The Atlantic

Hurricane Harvey Is Houston’s Unending Nightmare

A year after flood waters devastated the nation’s fourth largest city, Houston remains trapped in an existential moment, struggling to find the funds to rebuild and reengineer and keep another such catastrophe at bay.  
Source: Ilana Panich-Linsman

HOUSTON—It’s a hypermodern skill, the ability to spot a viral moment in the face of strife. As Hurricane Harvey beat down on Houston, there was former mayor Bill White, inching his way through waist-deep water, hiking staff in his right hand and laptop-stuffed briefcase tucked like a football in his left. And there was his neighbor, who, while waiting for White at the water’s edge, couldn’t resist a snapshot.

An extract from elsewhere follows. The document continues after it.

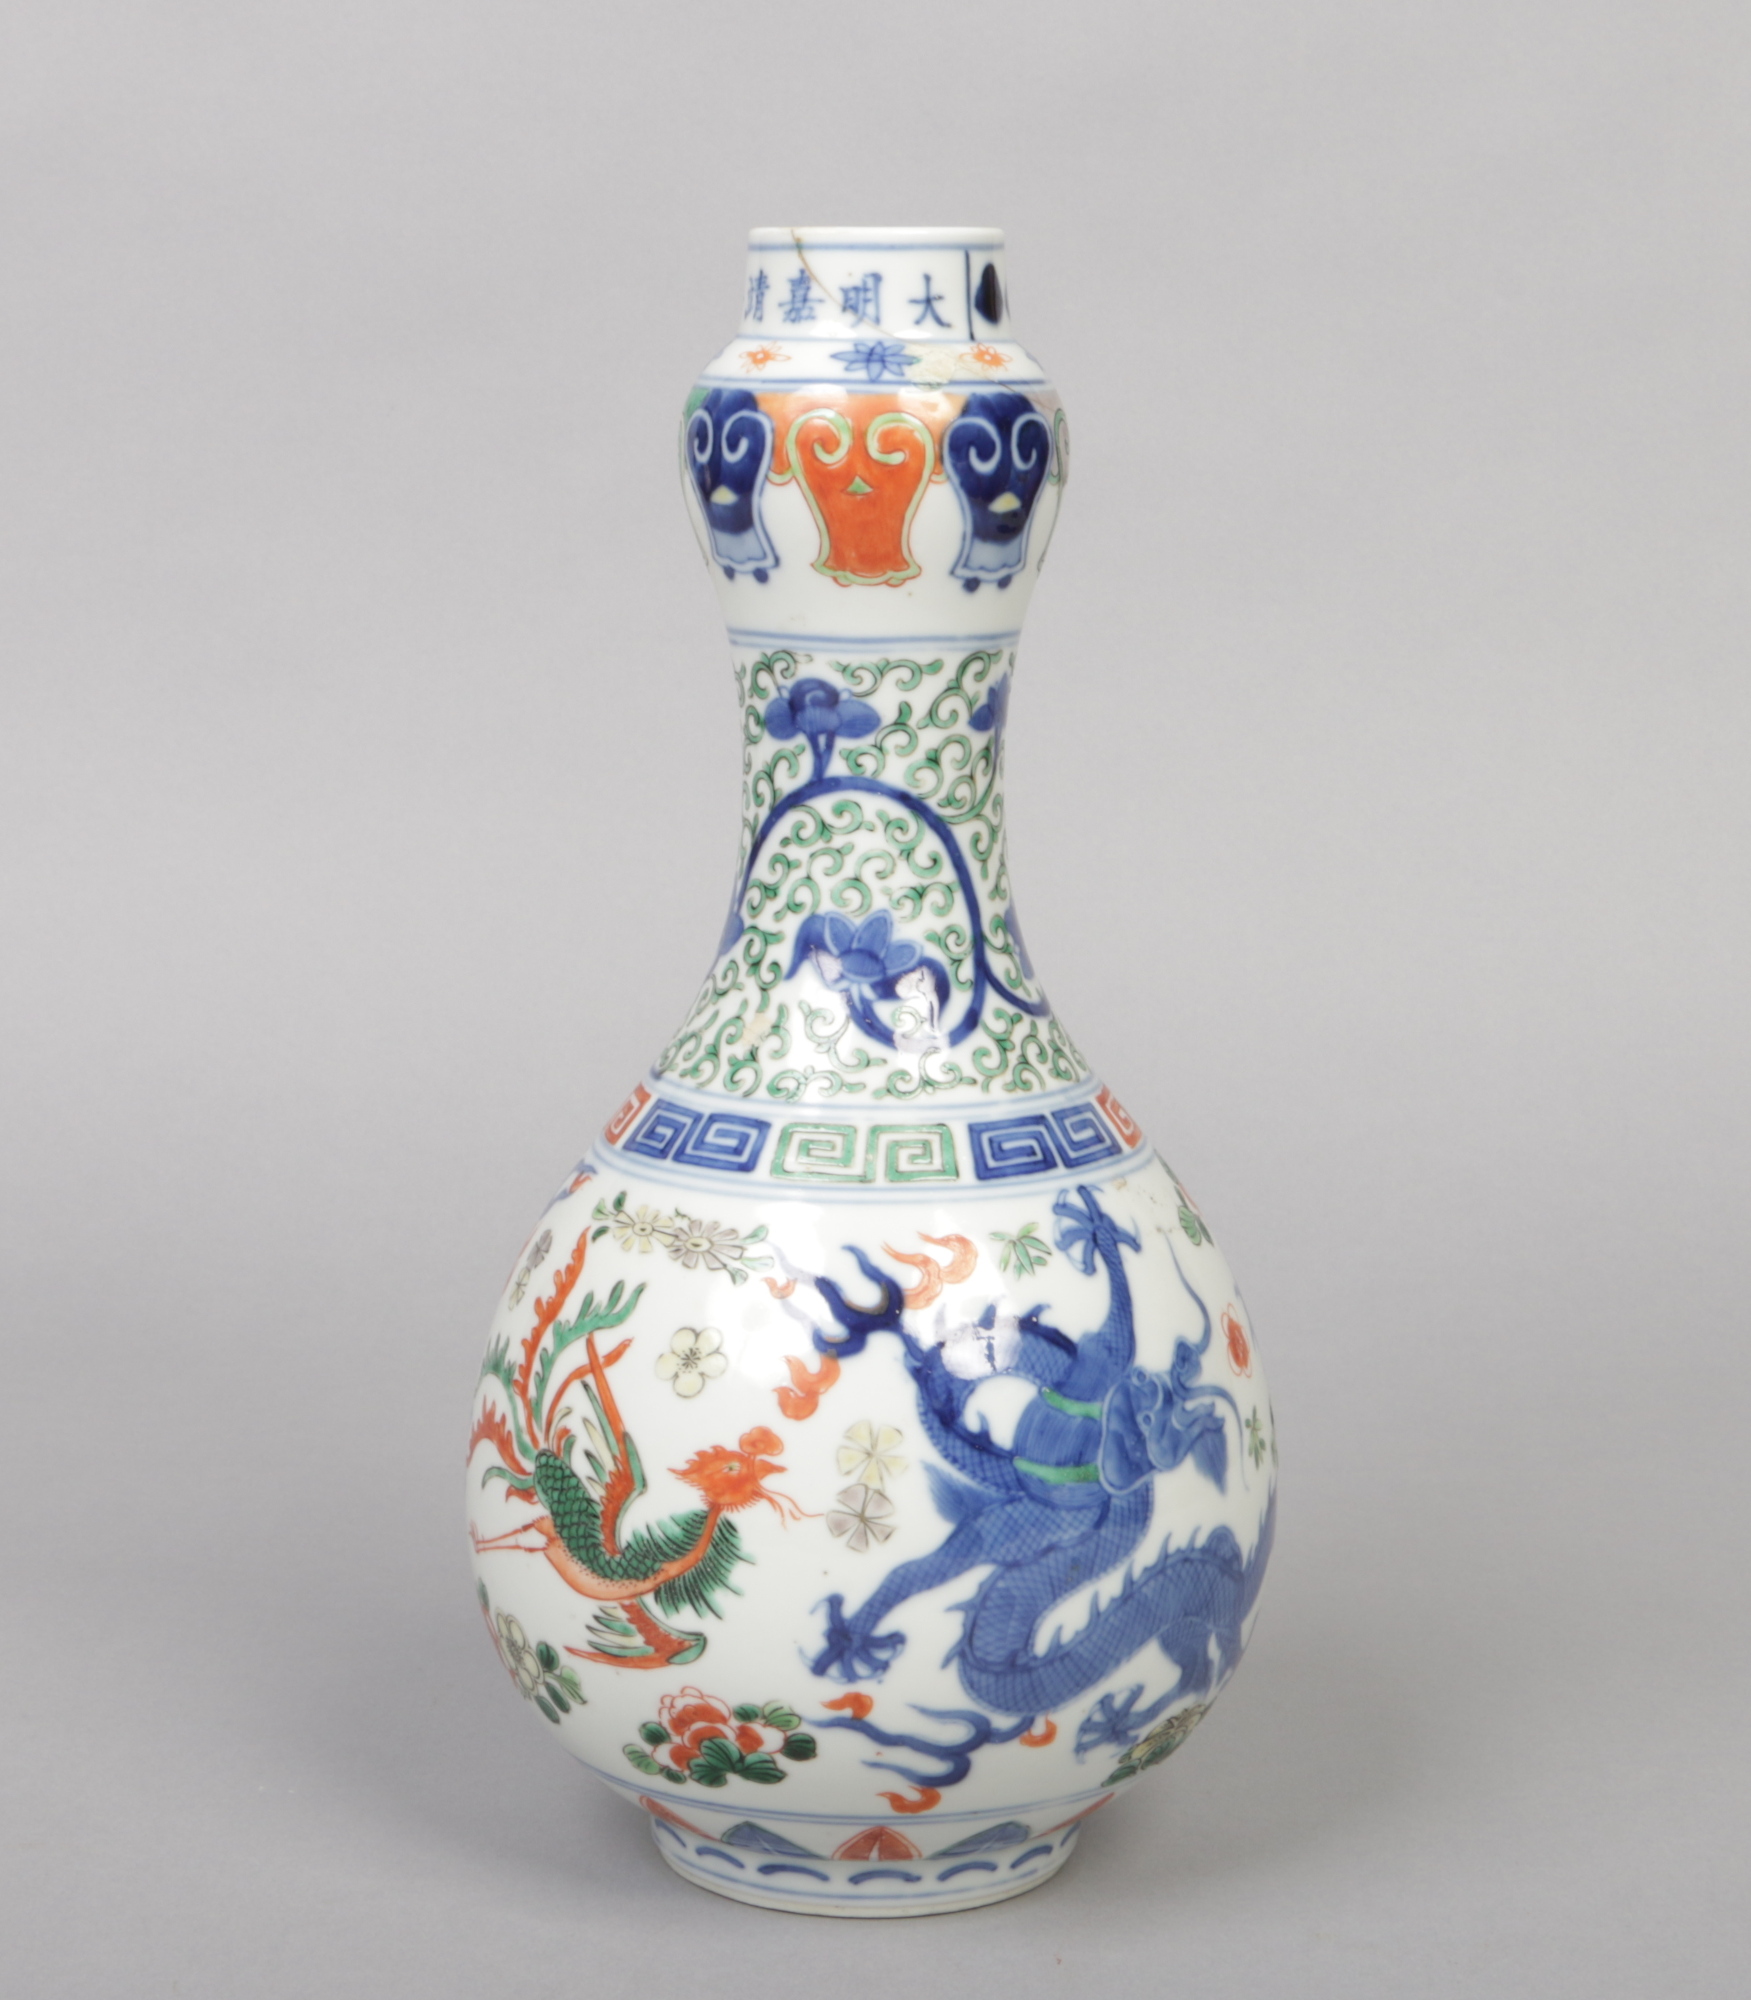 A Chinese Wucai glazed gourd shaped bottle vase. Decorated with a pair of dragons and phoenix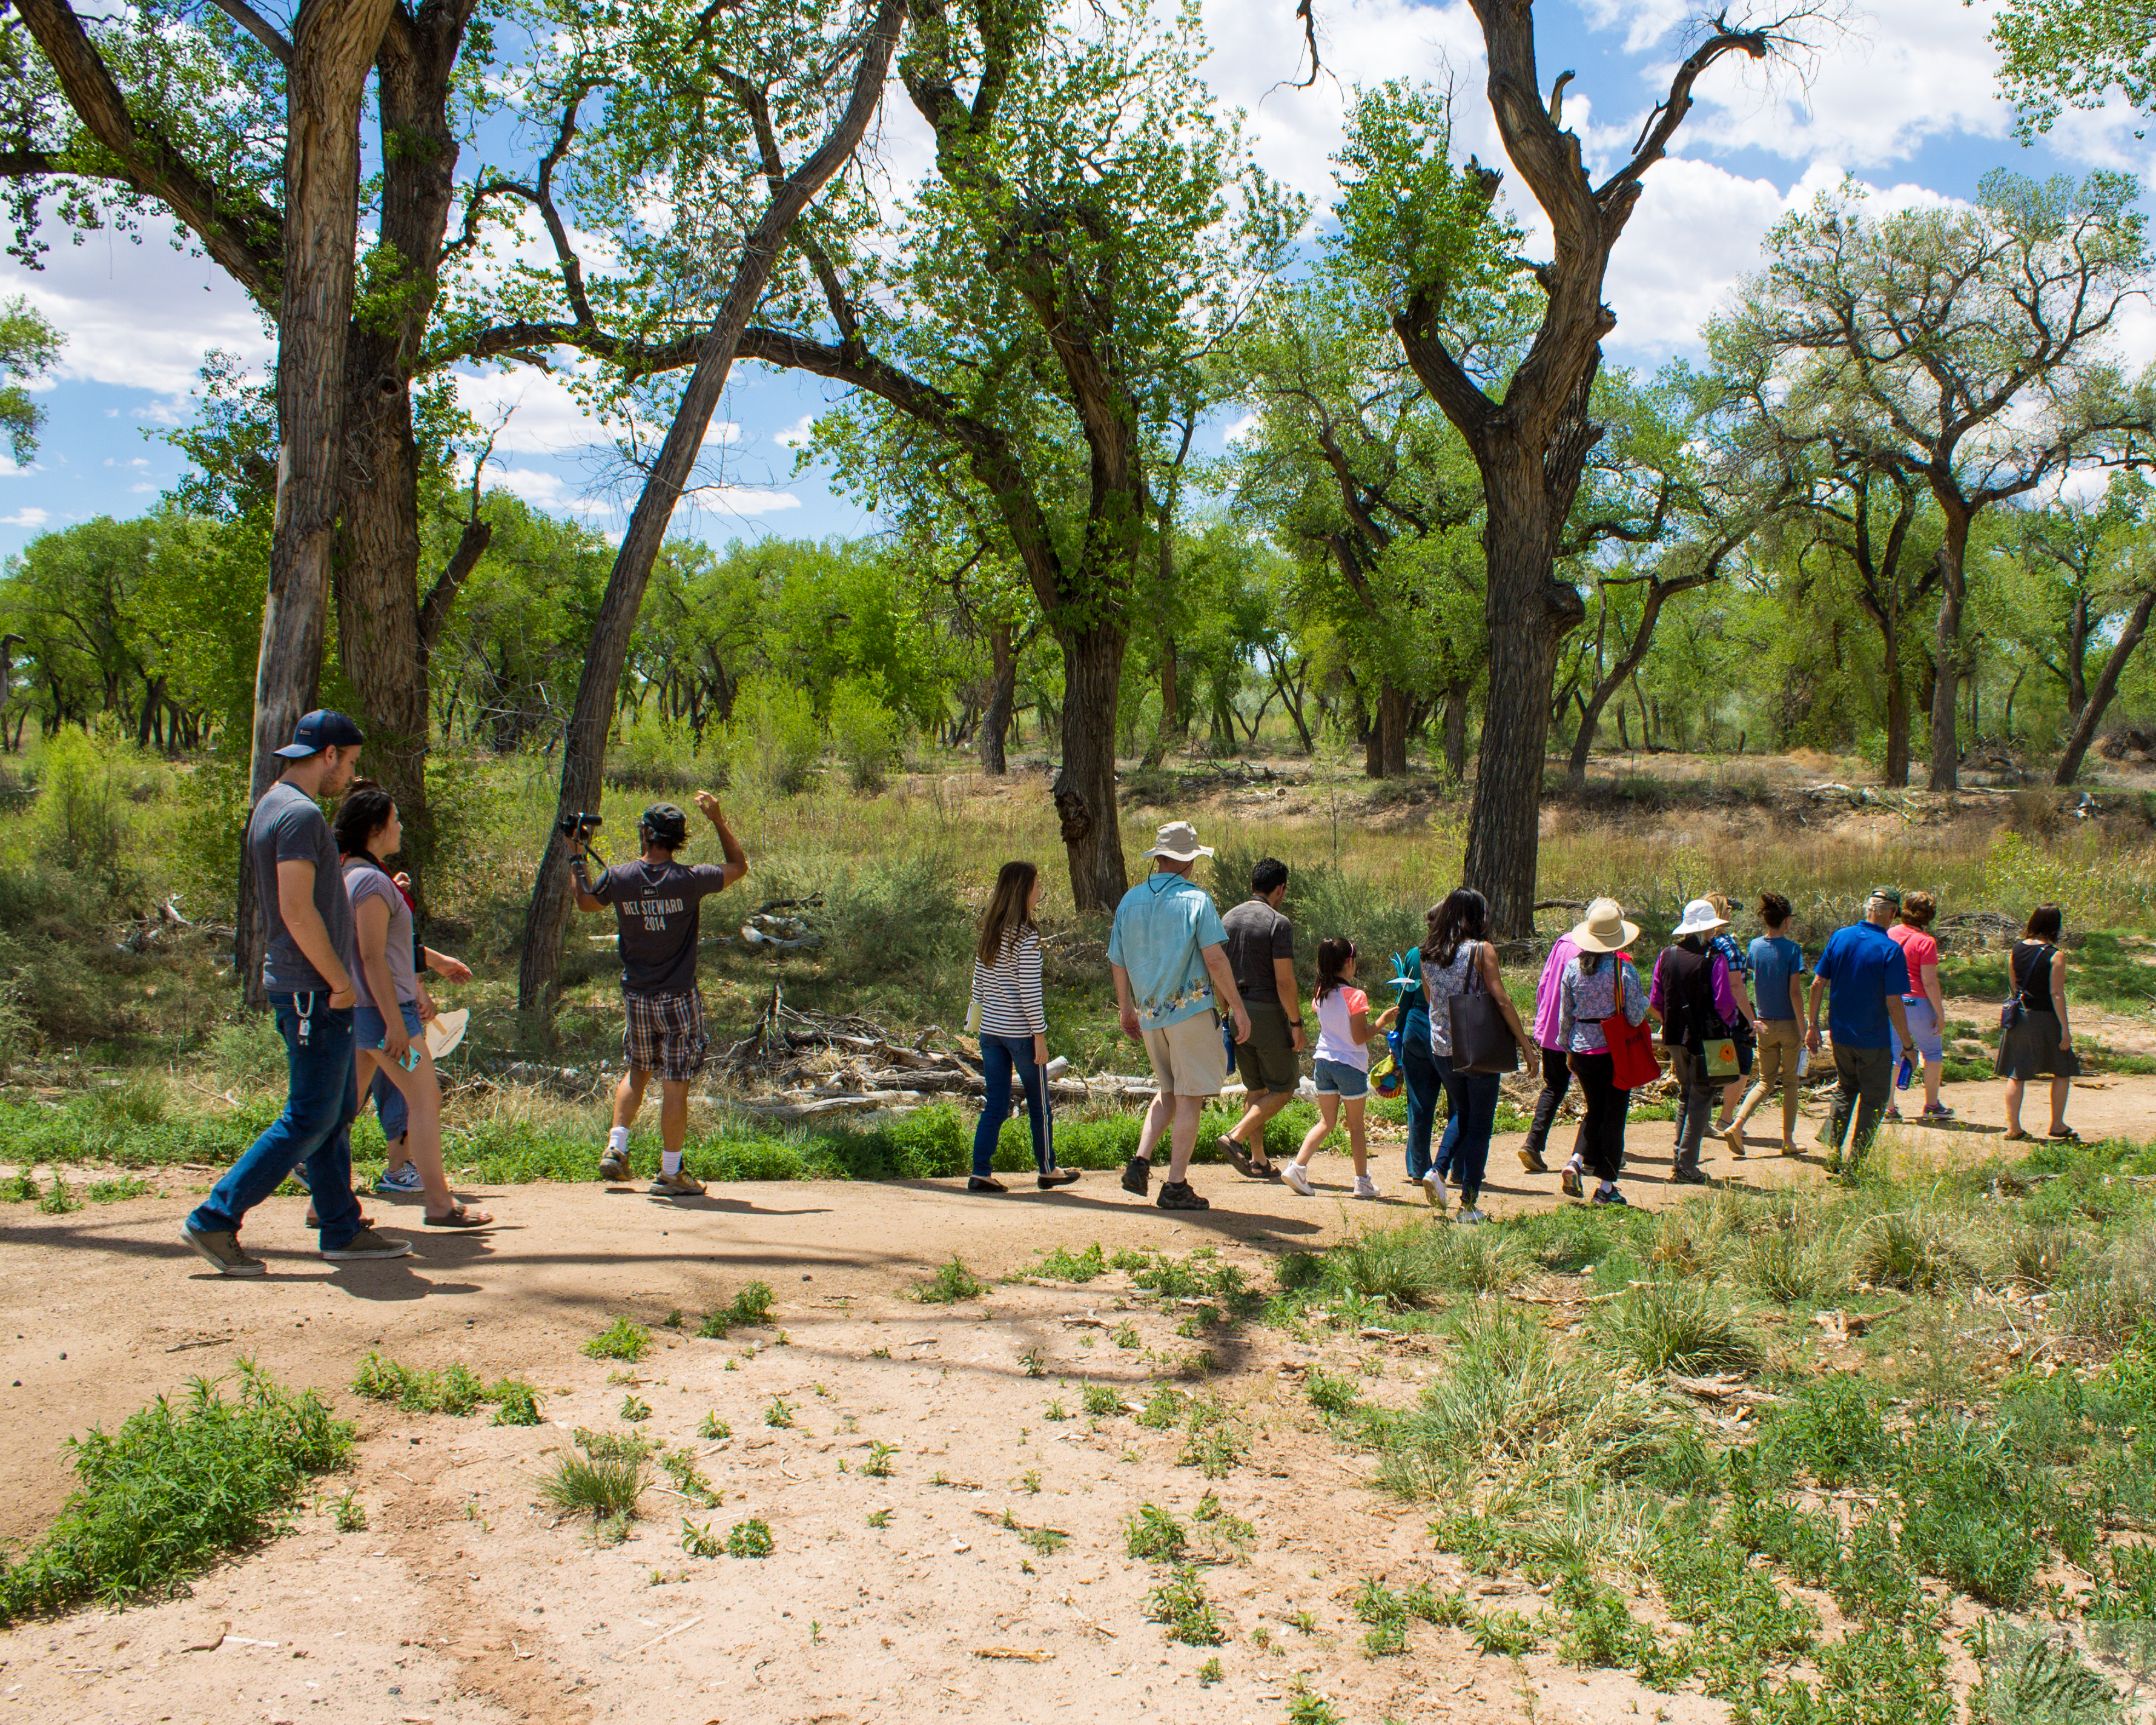 A group of school-age kids walking along a path in a dry environment

The photo—a prominent Houstonian weathering the storm, his gated home behind him—came to symbolize the equal-opportunity devastation of Harvey. It was a year ago this weekend that Harvey gutted  hundreds of neighborhoods across the city, from upscale Kellywood to working-class Homestead. The blistering post-2016 news cycle ensured the storm would shrink from headlines after a few weeks. But to visit Houston is to absorb that, for an untold number of residents, the biggest rainstorm in the history of the continental U.S. continues to replay like a nightmare on loop.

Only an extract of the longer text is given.